-- Data below follows --
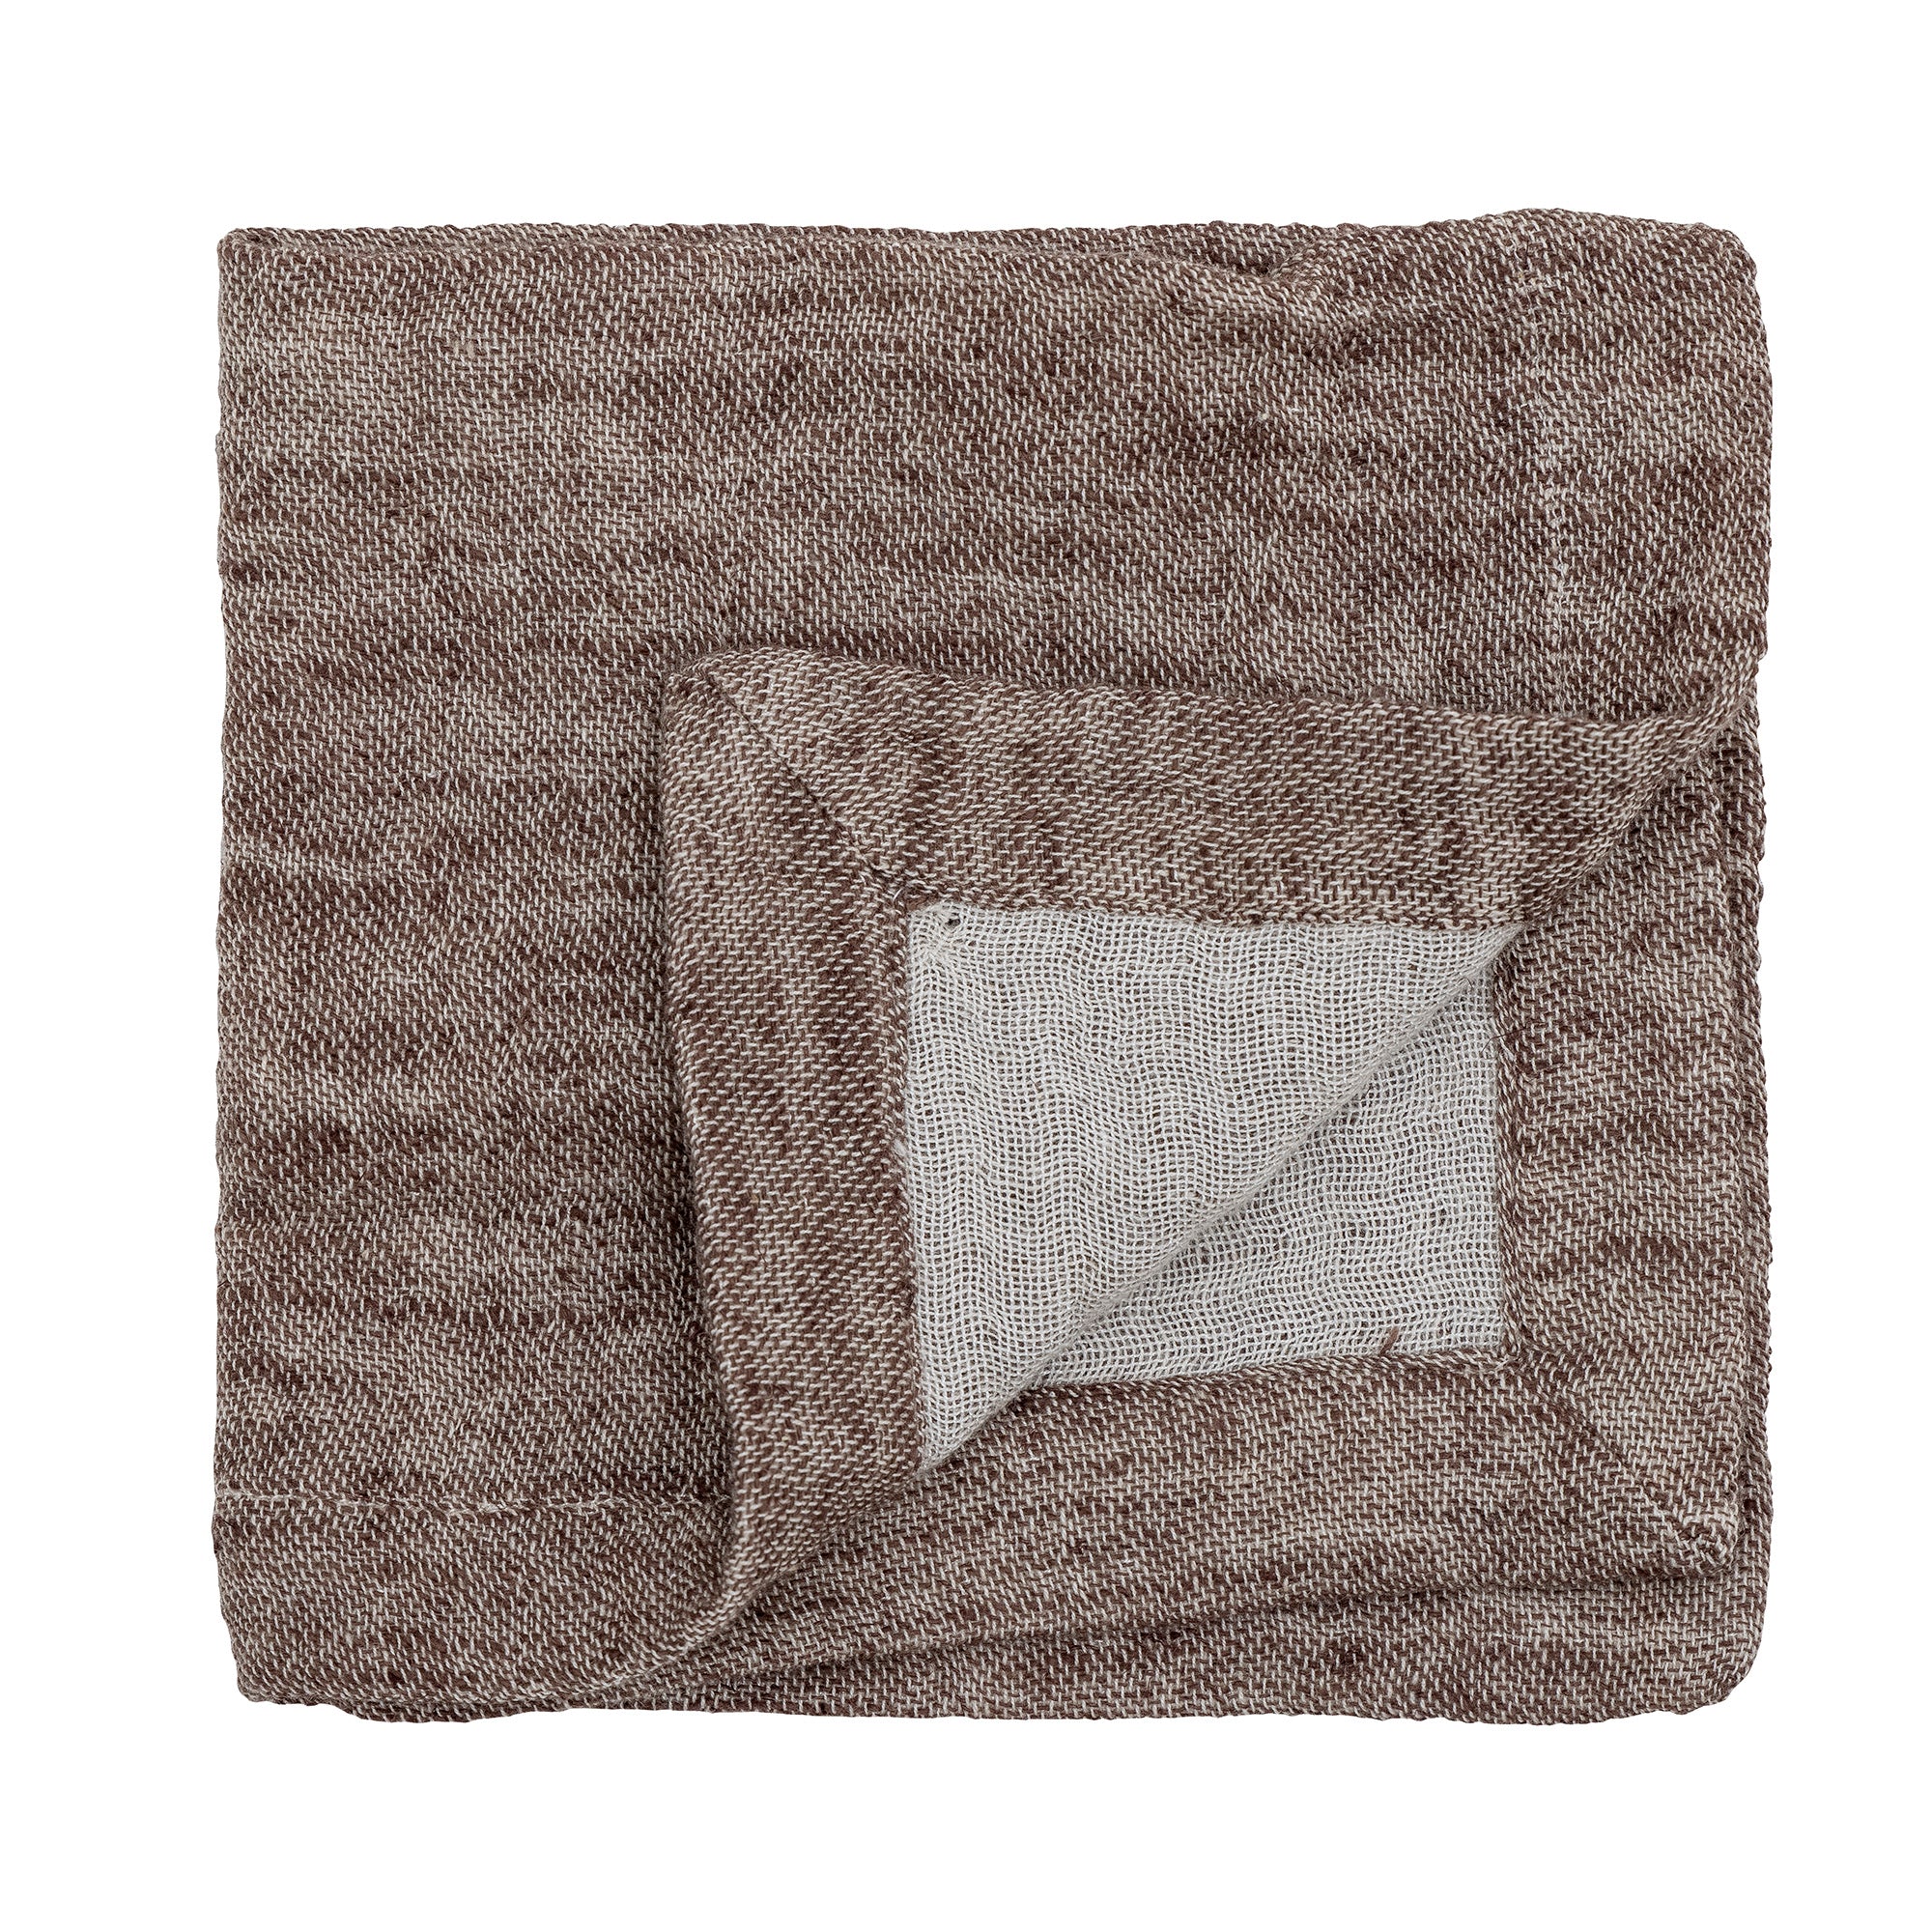 Heika napkin brown- cotton - set of 4
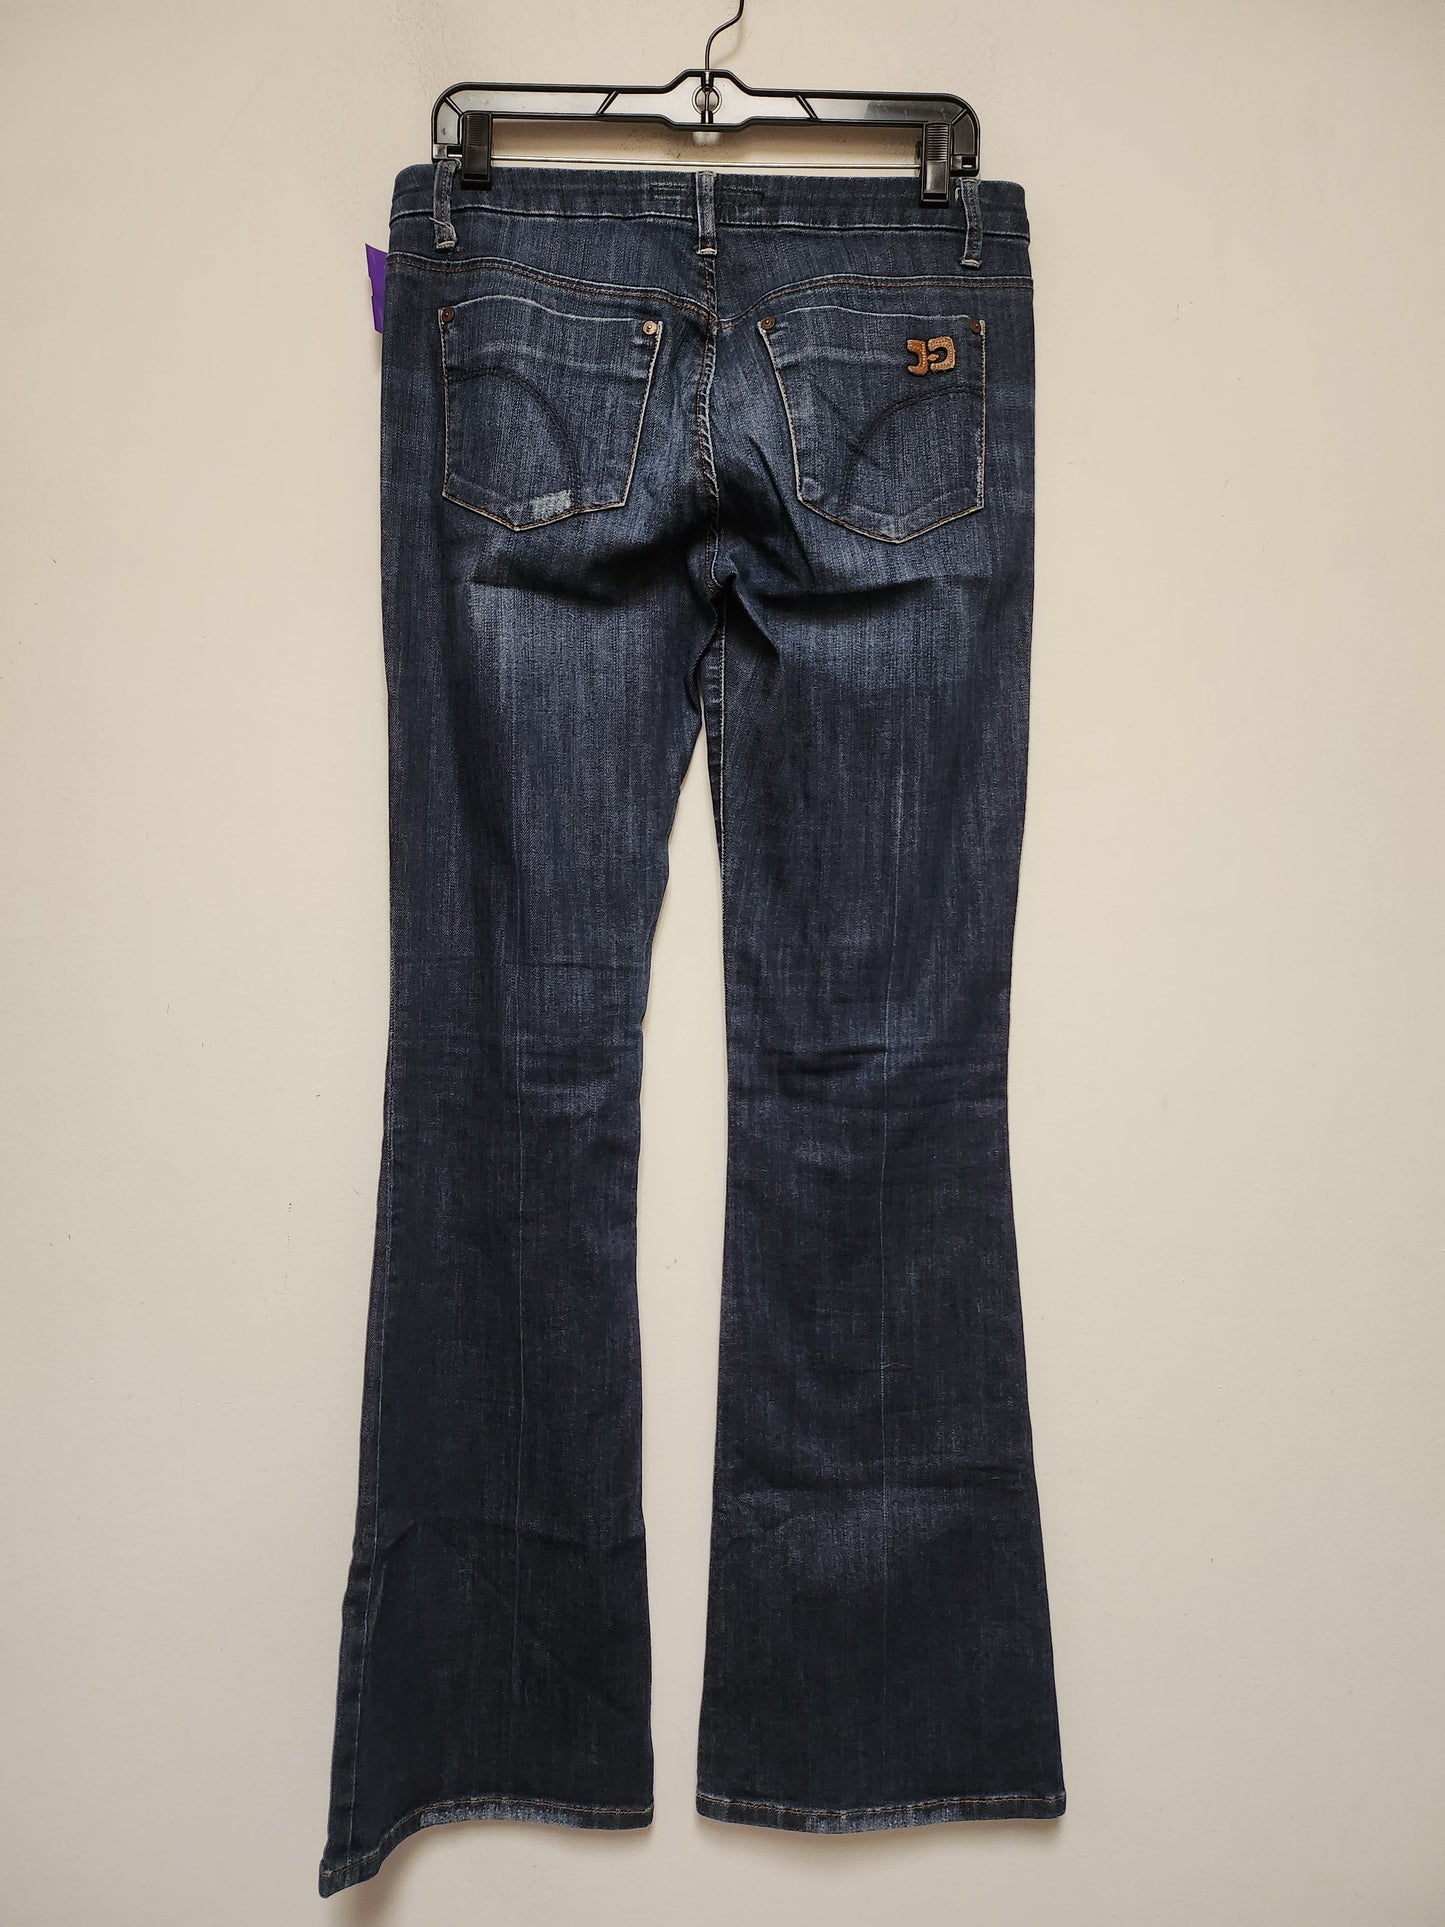 Blue Denim Jeans Boot Cut Joes Jeans, Size 6
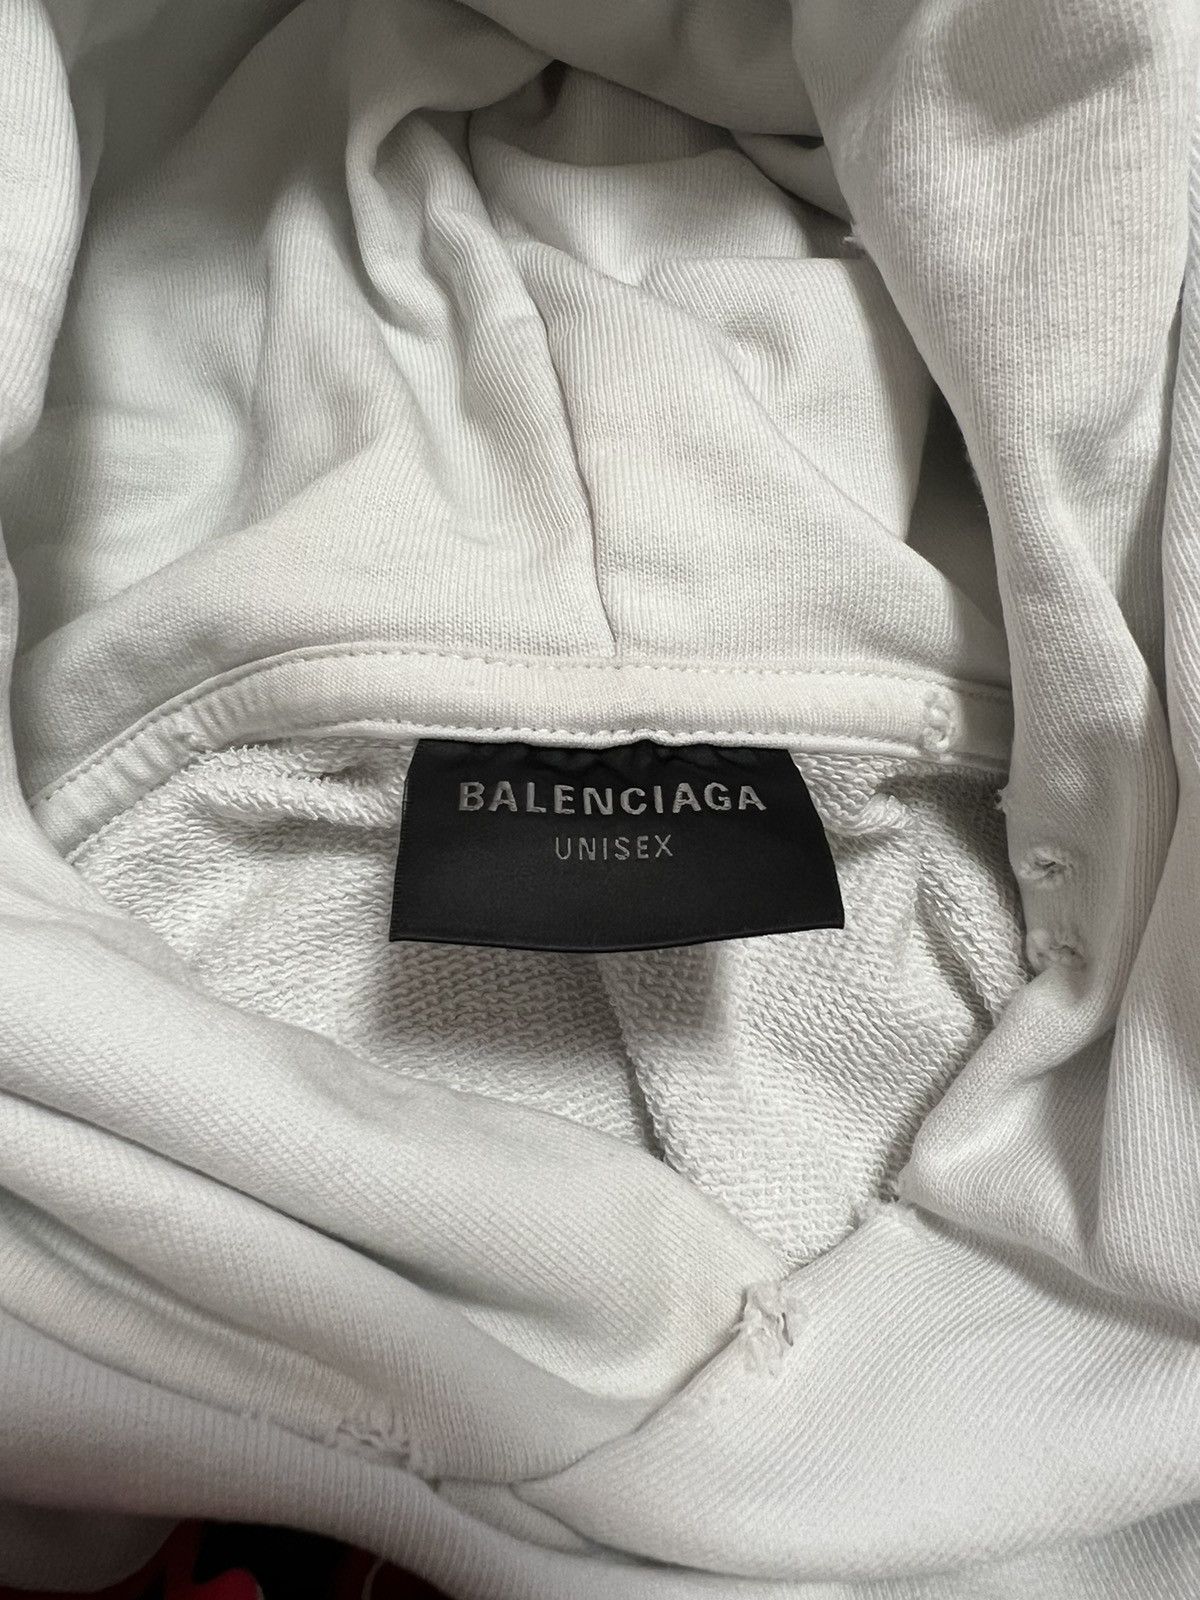 Balenciaga BALENCIAGA DIY COLLEGE HOODIE Size US S / EU 44-46 / 1 - 4 Thumbnail
-- Data below concluded --
Could you reproduce the listing above exactly and drop every picture?

 Heika napkin brown- cotton - set of 4
 Blue Denim Jeans Boot Cut Joes Jeans, Size 6
 Balenciaga BALENCIAGA DIY COLLEGE HOODIE Size US S / EU 44-46 / 1 - 4 Thumbnail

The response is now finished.